**Recorded data:**
--- START ---
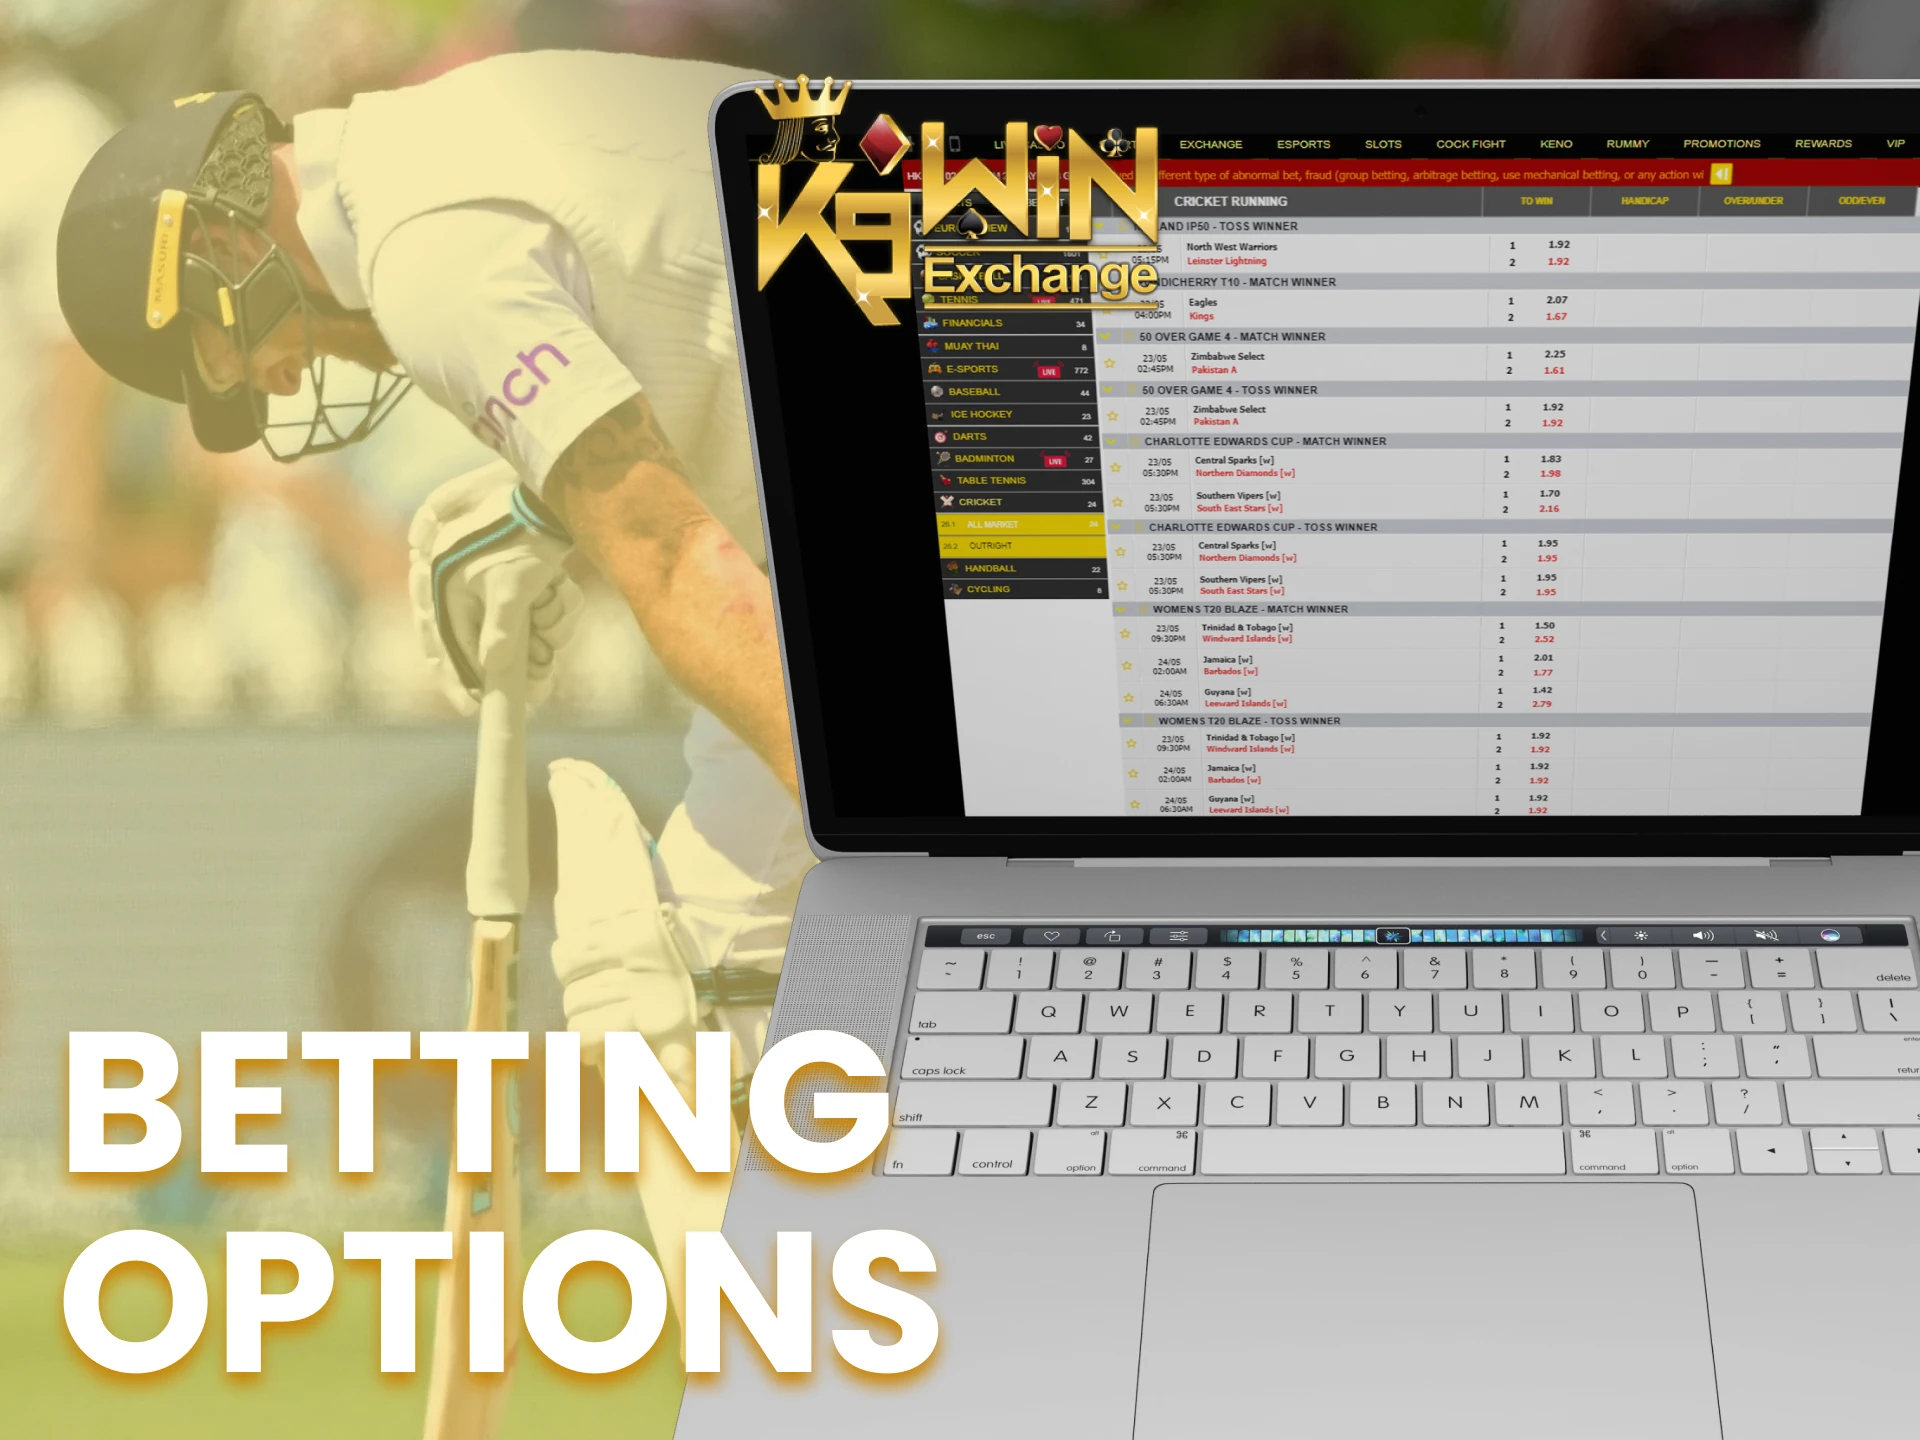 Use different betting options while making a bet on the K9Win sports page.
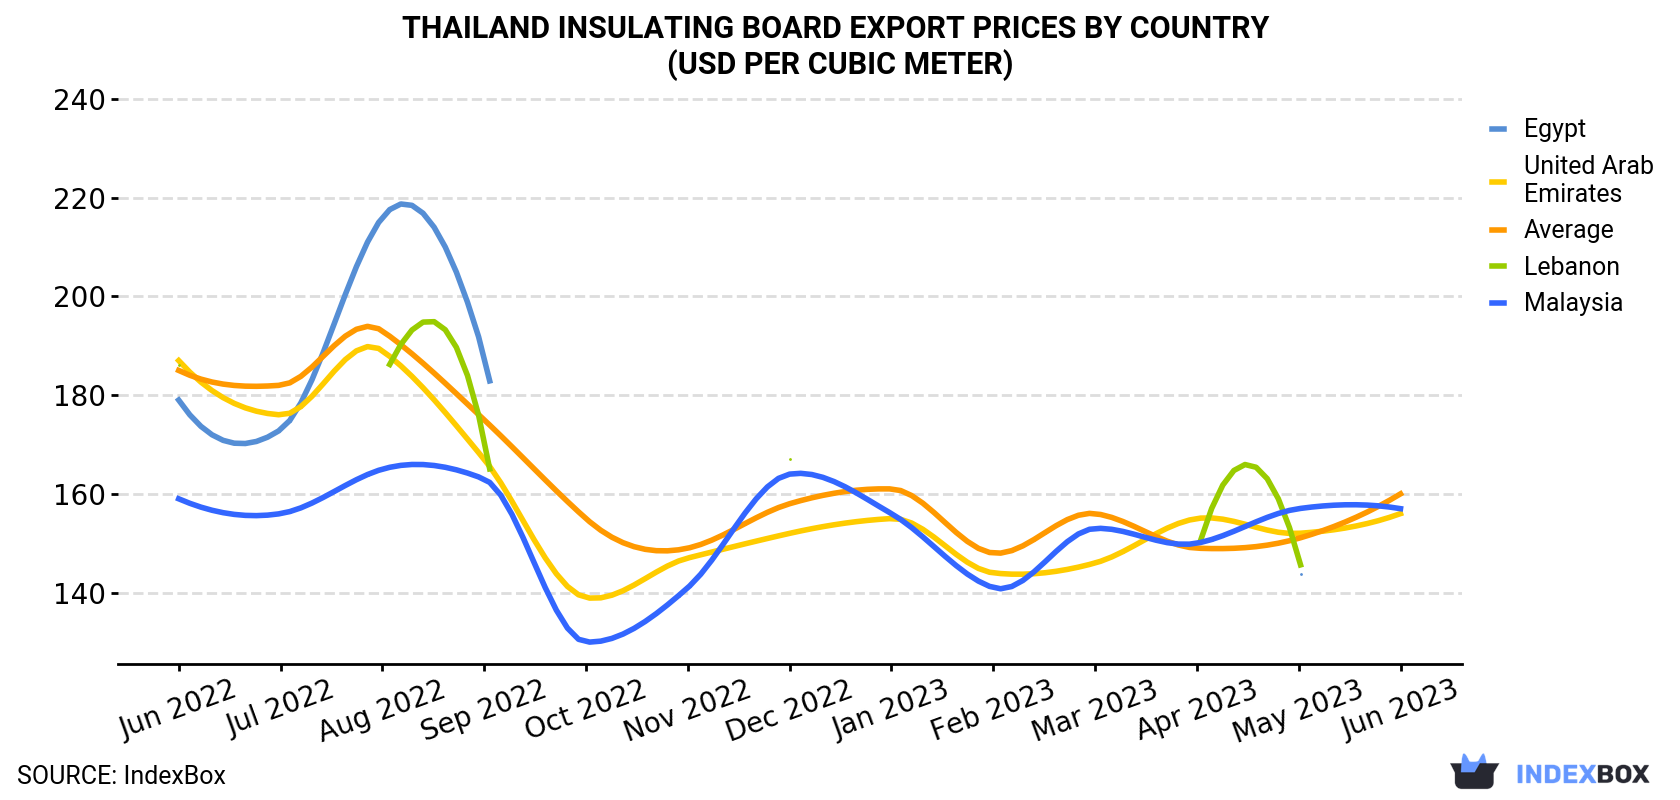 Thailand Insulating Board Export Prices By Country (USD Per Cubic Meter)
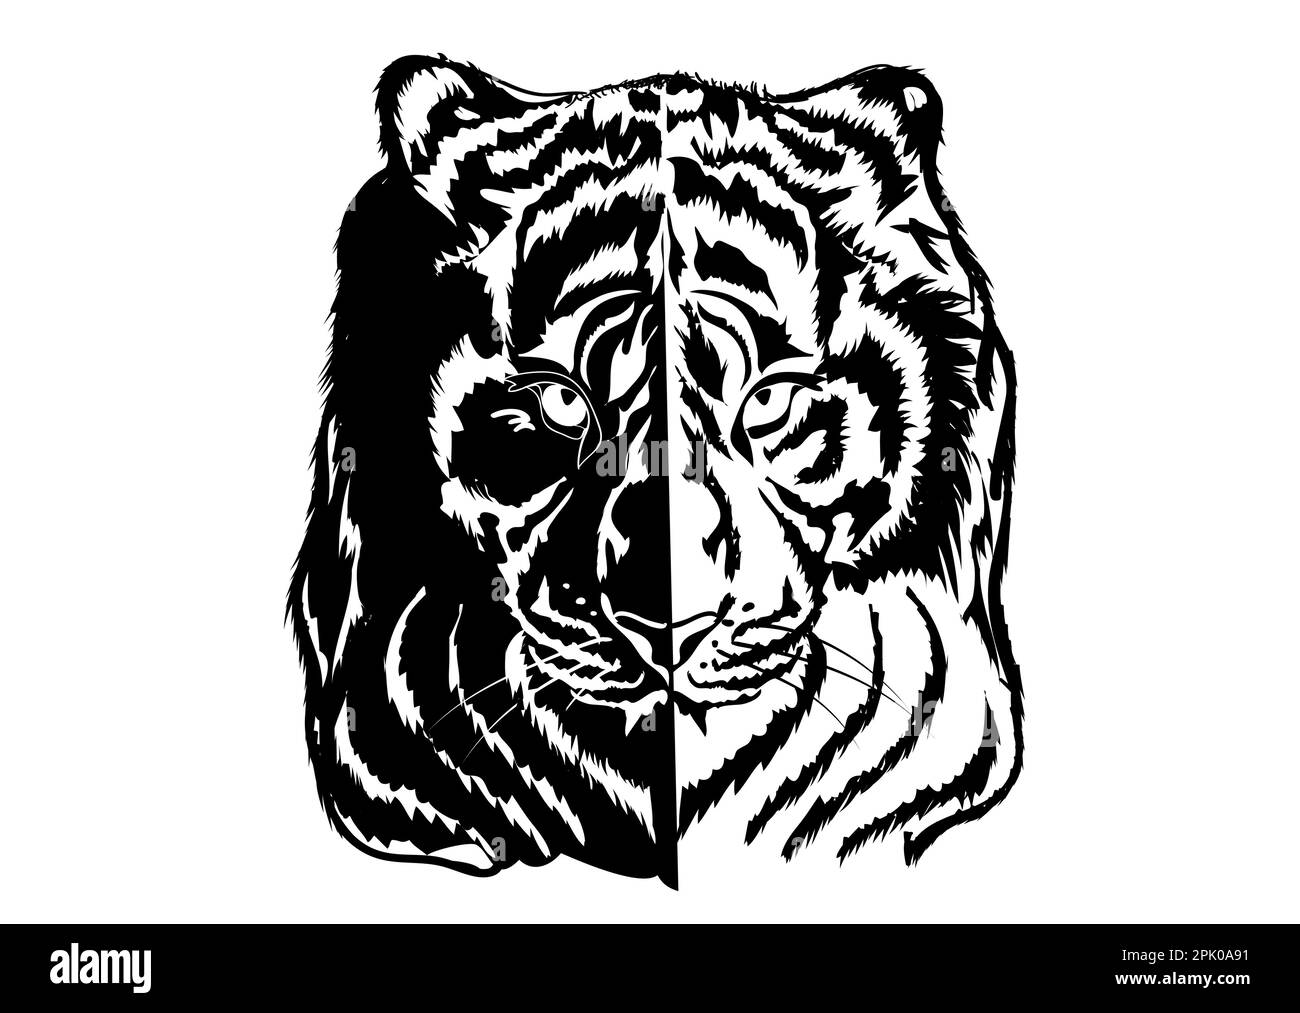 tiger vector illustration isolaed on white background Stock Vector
--- END ---
**Work task:** With the pictures set aside, write out the whole listing exactly.

**Output:**
 Use different betting options while making a bet on the K9Win sports page.
 Thailand Insulating Board Export Prices By Country (USD Per Cubic Meter)
 tiger vector illustration isolaed on white background Stock Vector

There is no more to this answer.